§ **Dataset excerpts**:
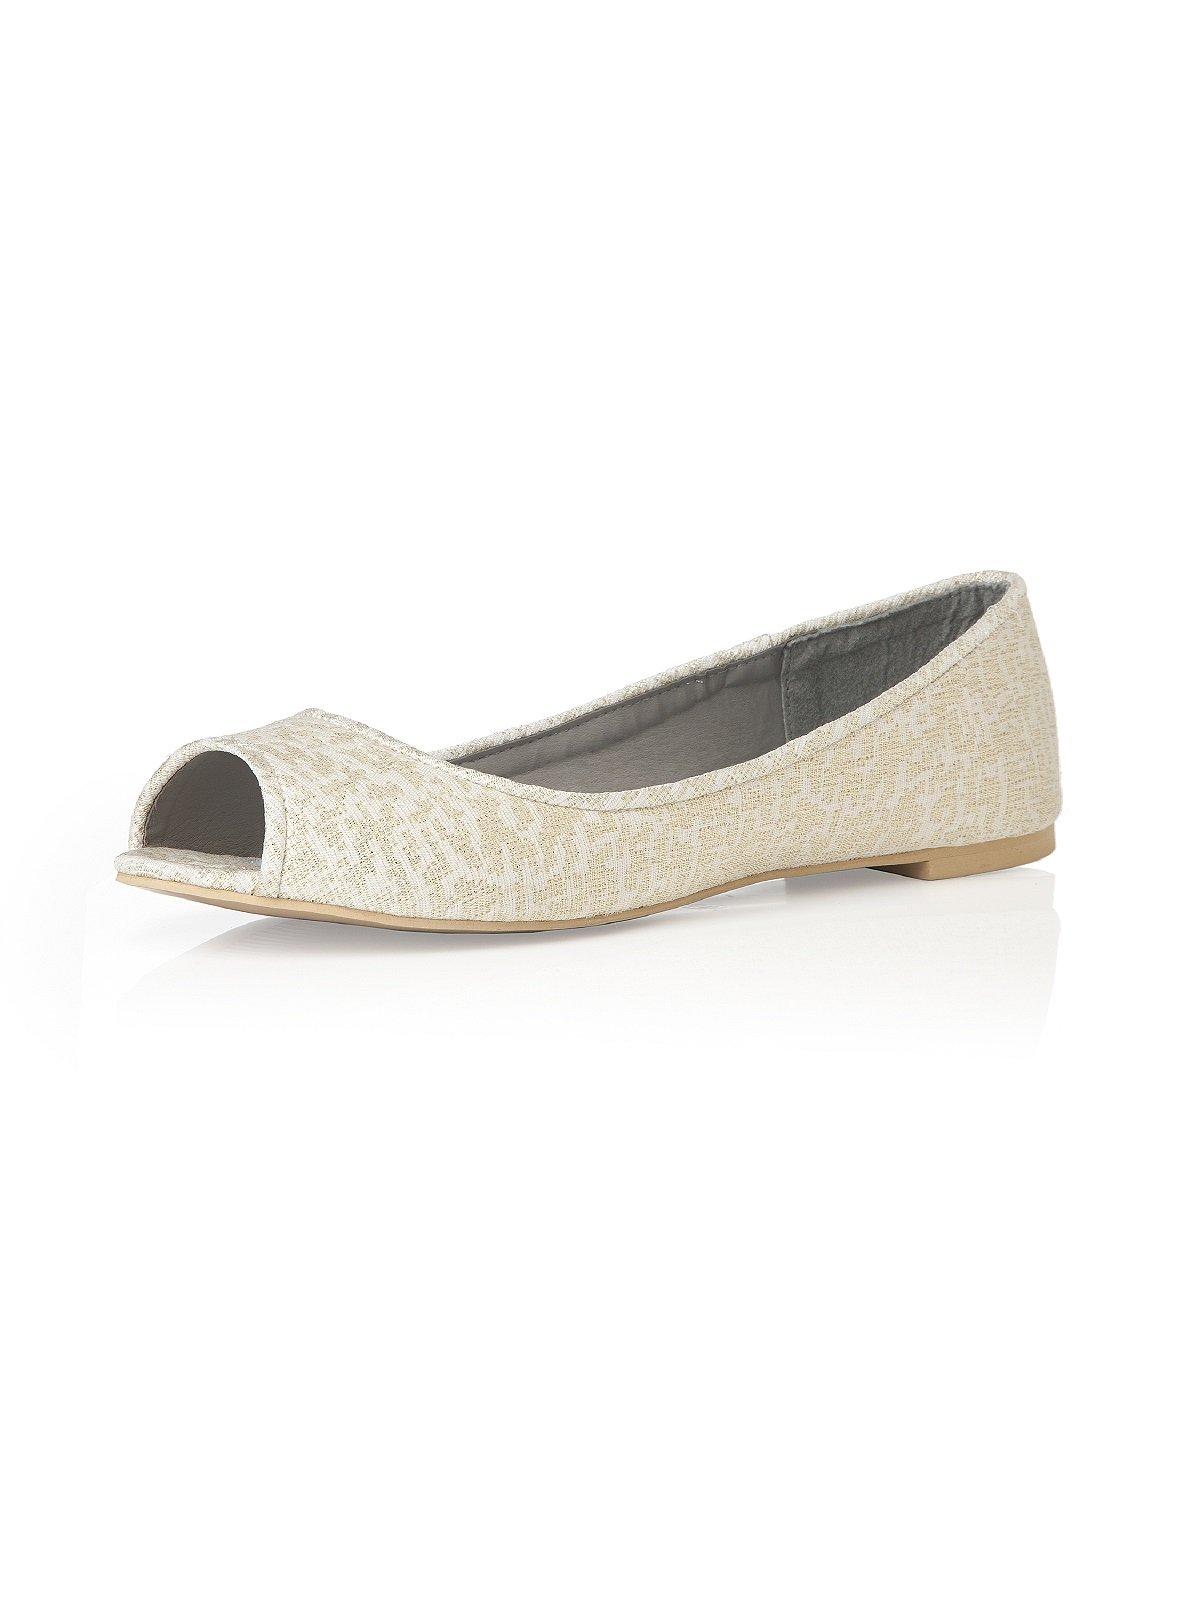 Dessy Women's PARK AVENUE Lace Peep Toe Ballet Flats Ivory Gold - Size 7
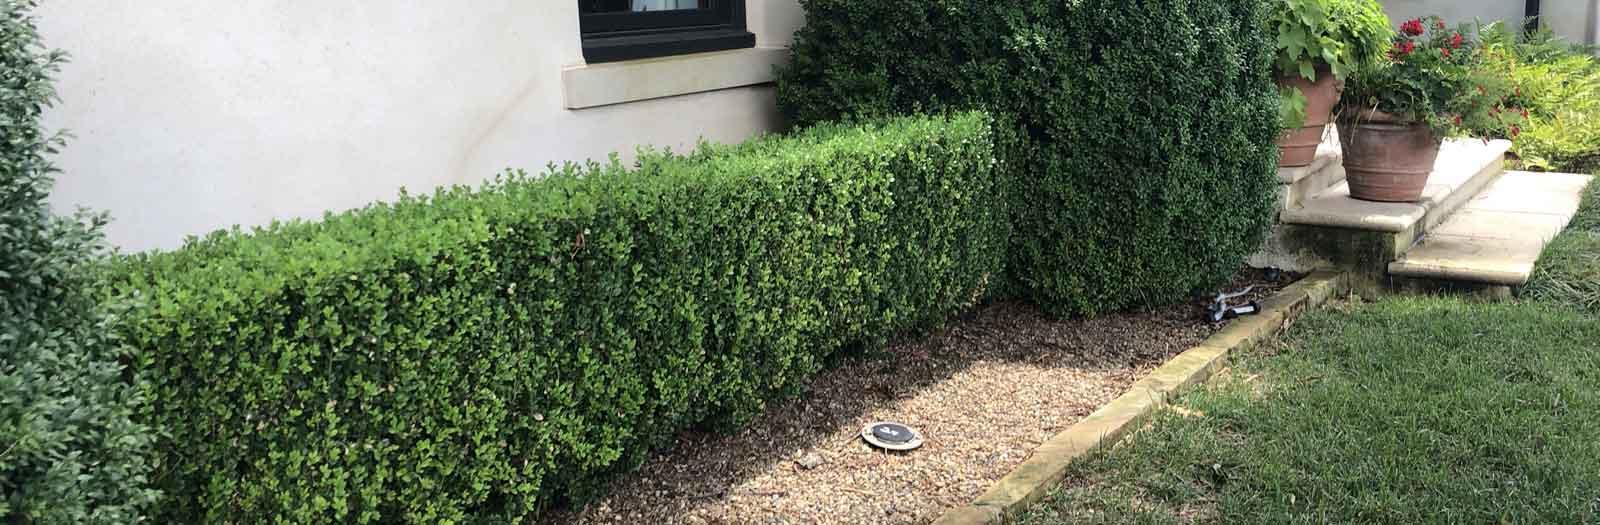 boxwood shrubs
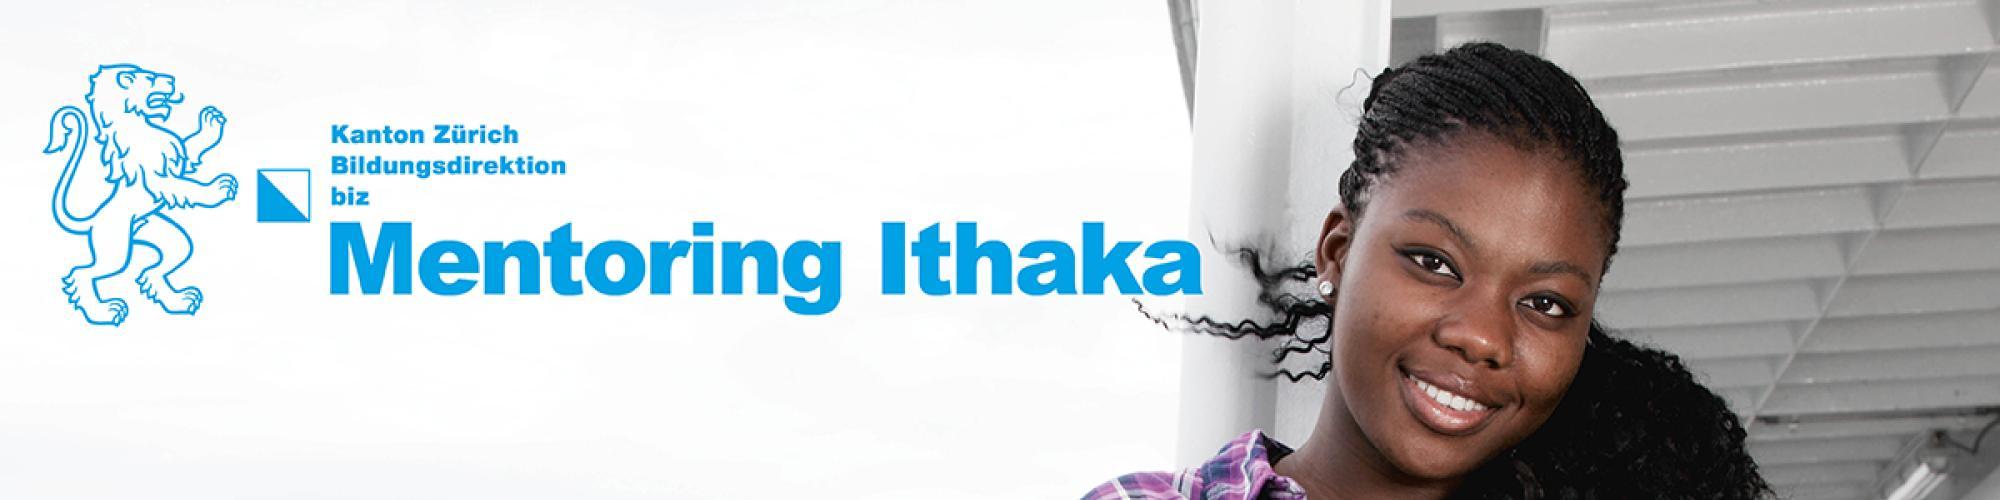 Mentoring Ithaka
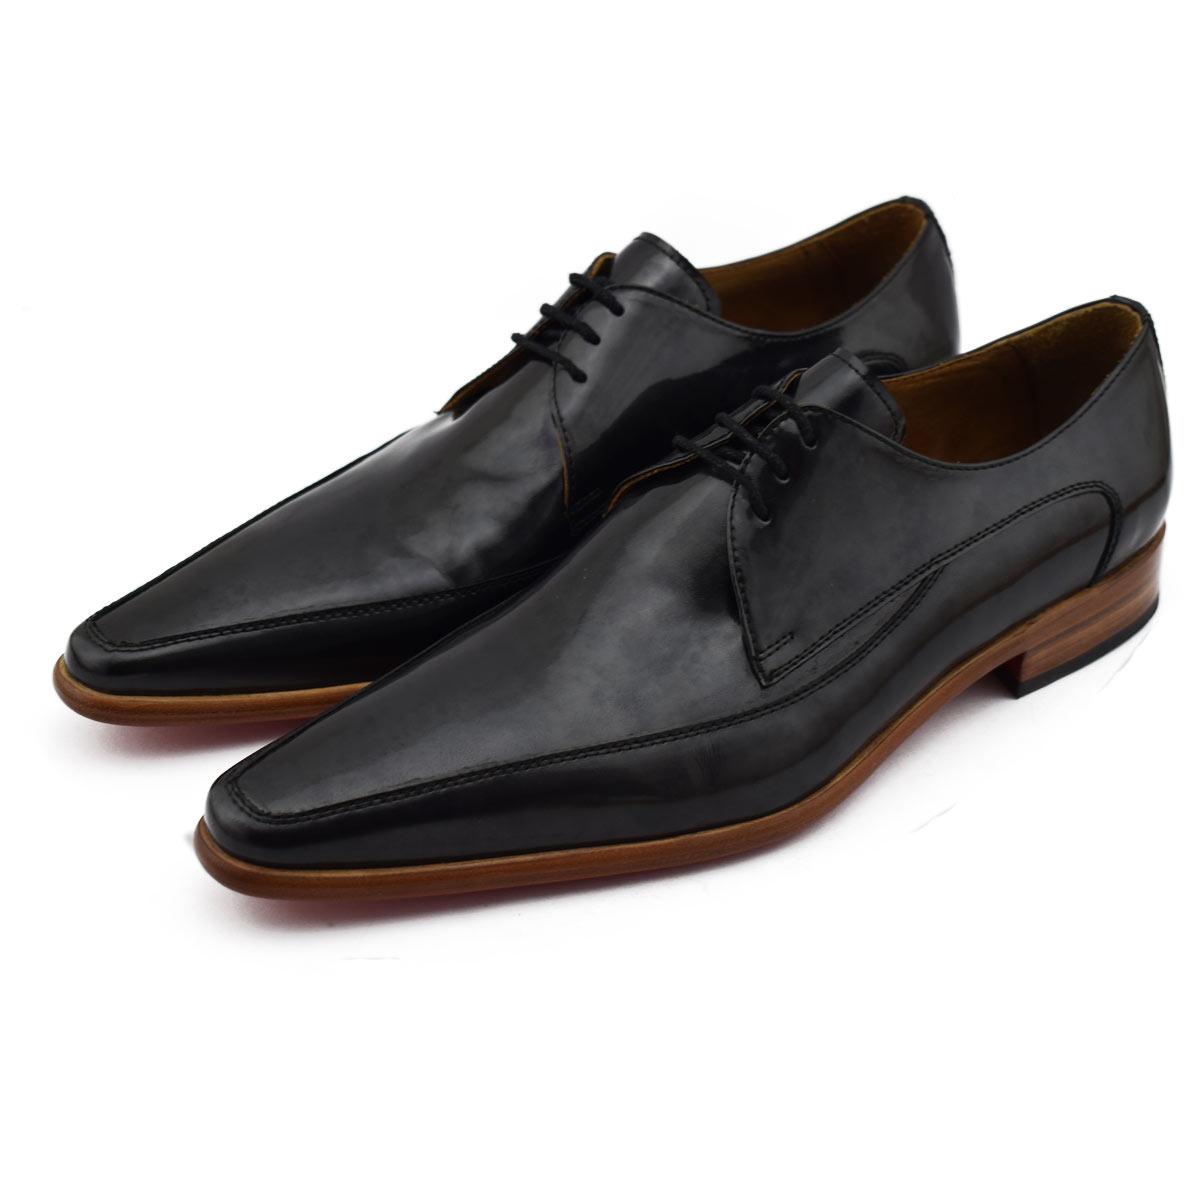 454884d78d6 zapatos-hombre-ofertas-sale-dino-butelli lightbox · lightbox
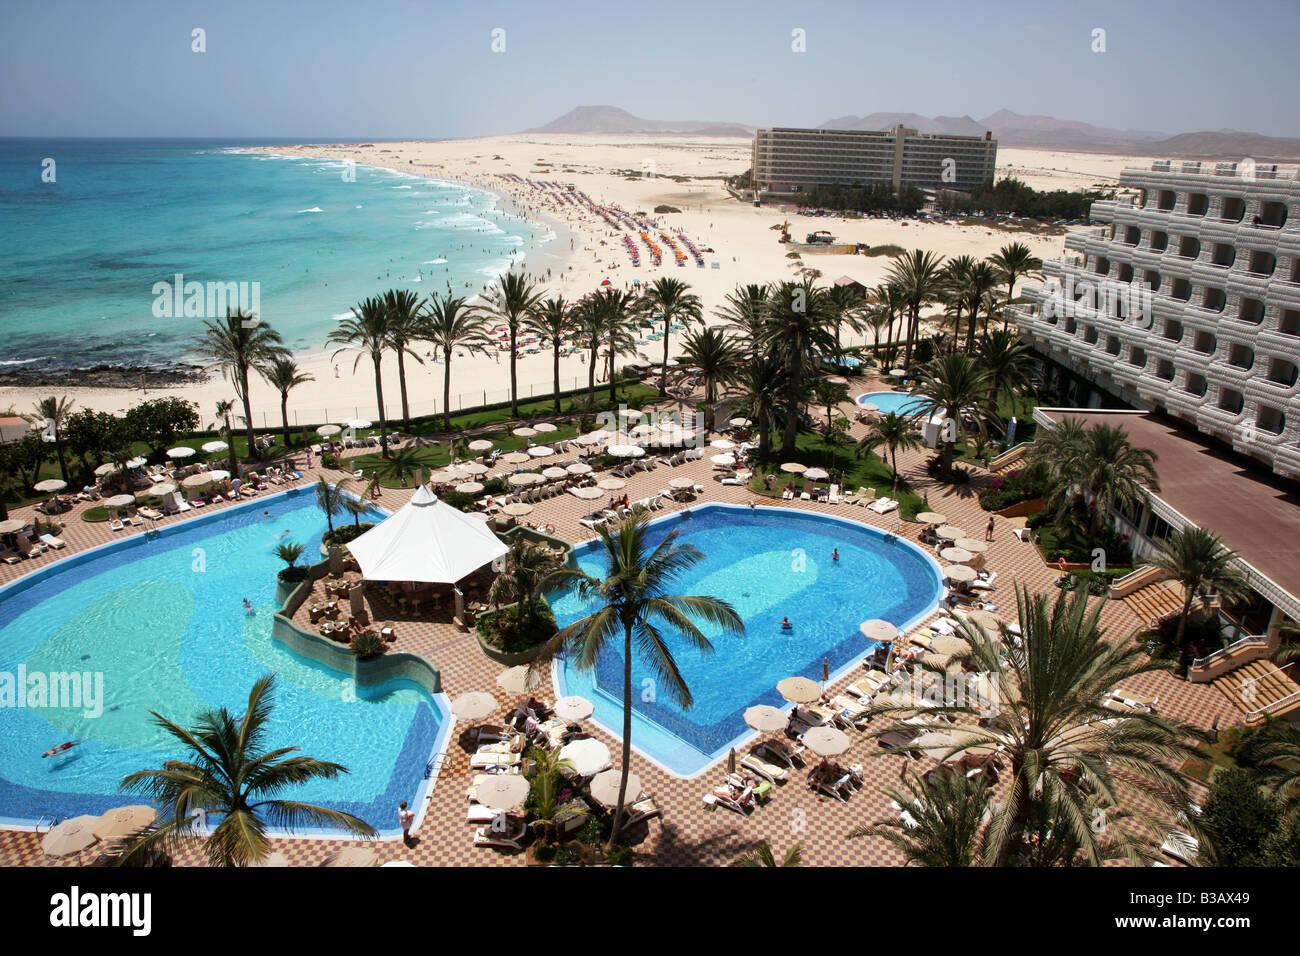 Spain Canary Islands Fuerteventura Ocean

§ **Your goal**: Leaving out the pictures, output each line above exactly as it is.

§ **Task result**:
 Dessy Women's PARK AVENUE Lace Peep Toe Ballet Flats Ivory Gold - Size 7
 boxwood shrubs
 Mentoring Ithaka
 454884d78d6 zapatos-hombre-ofertas-sale-dino-butelli lightbox · lightbox
 Spain Canary Islands Fuerteventura Ocean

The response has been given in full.